The output will show fanotify flags, event masks, and details about existing marks, which can help confirm if numerous marks have been created. An fa_id field may appear related to marks, representing a unique identifier for the mark. Mount marks will show mnt_id, and filesystem marks show fsid.

1
2
# Example (replace 12345 with your PID and 10 with the fanotify fd)
sudo cat /proc/12345/fdinfo/10

This output can be complex but may show the number and types of marks associated with the fanotify group.

Common Pitfalls

  • Forgetting FAN_UNLIMITED_MARKS: When running with CAP_SYS_ADMIN and needing to mark many items, not using FAN_UNLIMITED_MARKS in fanotify_init is a common cause of ENOSPC.
  • Ignoring fanotify_mark Return Values: Failing to check for -1 and errno == ENOSPC leads to applications silently failing to monitor intended targets.
  • Misunderstanding Mark Scope: Using FAN_MARK_MOUNT excessively where a single FAN_MARK_FILESYSTEM on the underlying storage would suffice.
  • Resource Leaks: Not closing fanotify file descriptors, leading to gradual resource depletion (though not directly ENOSPC for marks, it contributes to system load).

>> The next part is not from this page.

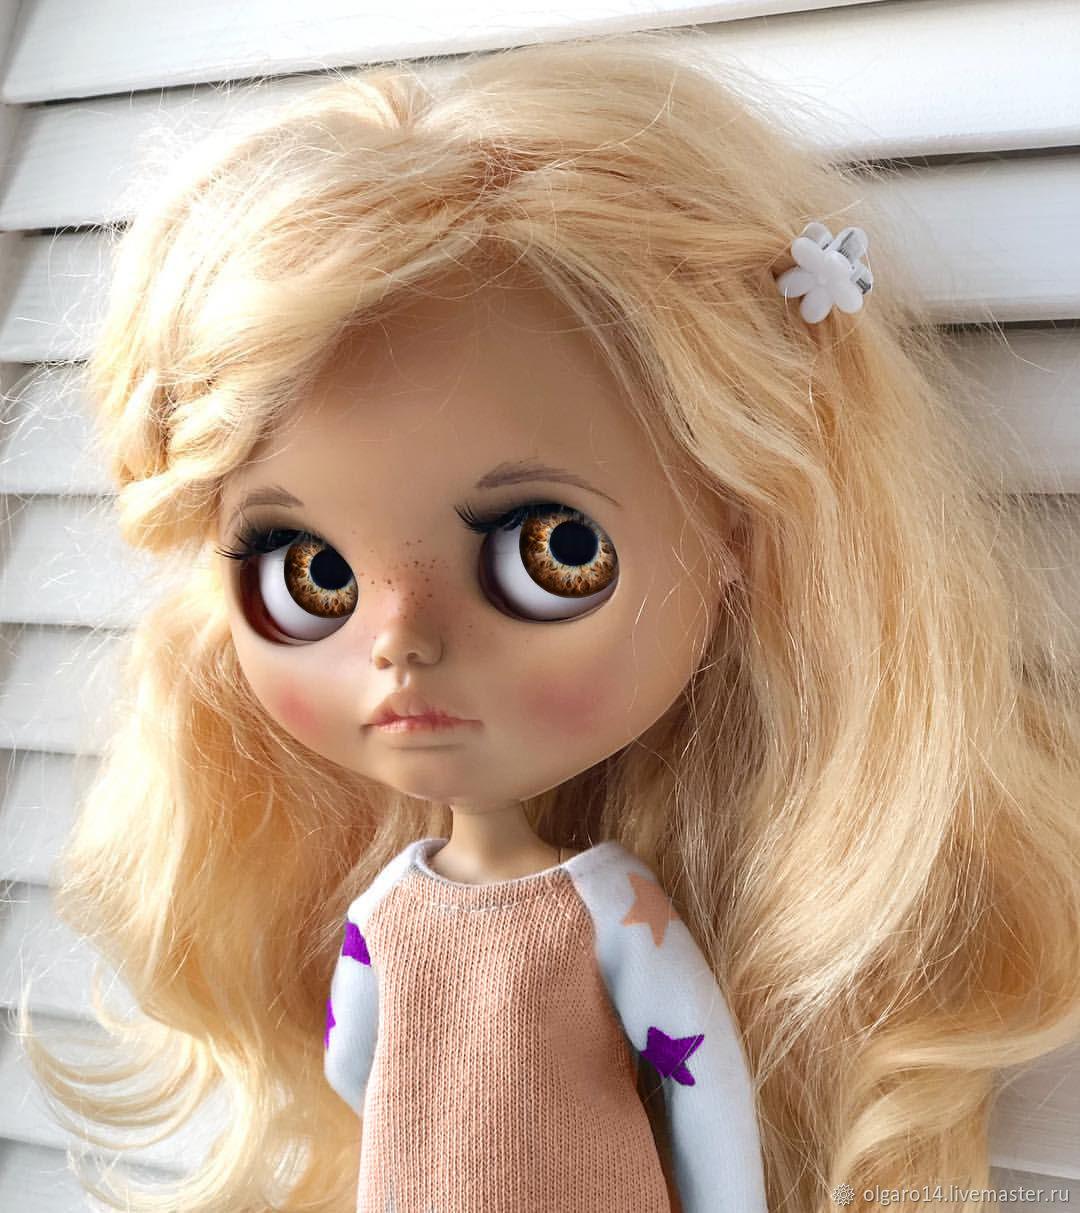 Радужка для кукол. Зрачки для кукол распечатка.Глазки для игрушек. Зр – купить на Ярмарке Мастеров – MBPGERU   Шаблоны для печати, Санкт-Петербург

Considerations for Containerized Environments (Docker/Kubernetes)

Container hosts often have a very large number of mount points (e.g., for overlay filesystems, bind mounts, tmpfs instances per container). An agent attempting to monitor activity within all containers by placing a FAN_MARK_MOUNT on every container-related mount point can easily hit the default max_user_marks.

Strategies include:

  • Privileged Agents with FAN_UNLIMITED_MARKS: A monitoring agent running as a privileged container or host process can use FAN_UNLIMITED_MARKS.
  • Marking Underlying Filesystems (FAN_MARK_FILESYSTEM): More scalably, mark the host’s underlying filesystems that store container layers and volumes (e.g., /var/lib/docker or specific backing storage filesystems). Events can then be filtered and correlated to specific containers in userspace.
  • Adjusting max_user_marks on the Host: If per-mount monitoring by a less privileged agent is unavoidable, increasing max_user_marks on the container host might be necessary.

Advanced Topics

  • Filesystem-Specific Behaviors: Some filesystems, like Btrfs (see the Btrfs Wiki), with its subvolumes, can have nuanced interactions with fanotify_mark regarding fsid and how FAN_MARK_FILESYSTEM behaves across subvolumes. Testing is crucial for specific filesystem types. Linux kernel 6.8 introduced improvements and changes for Btrfs fsid reporting, which can affect fanotify.
  • Network Filesystems (NFS, SMBFS): Traditionally, fanotify primarily reports events triggered locally. Monitoring changes made remotely to network filesystems has limitations. While there is ongoing work to improve network filesystem change notifications in the kernel, behavior can vary.

Conclusion

Encountering ENOSPC from fanotify_mark is a common hurdle on Linux systems managing numerous filesystem entities, especially mount points. By understanding that this error signals a mark limit exhaustion, administrators and developers can take targeted action. Utilizing FAN_UNLIMITED_MARKS for privileged applications, strategically increasing max_user_marks, leveraging the efficient FAN_MARK_FILESYSTEM flag, and designing resource-conscious applications are key to building robust and scalable file monitoring solutions. Always combine these techniques with diligent error checking and diagnostic practices to ensure your fanotify-based tools perform reliably under demanding conditions.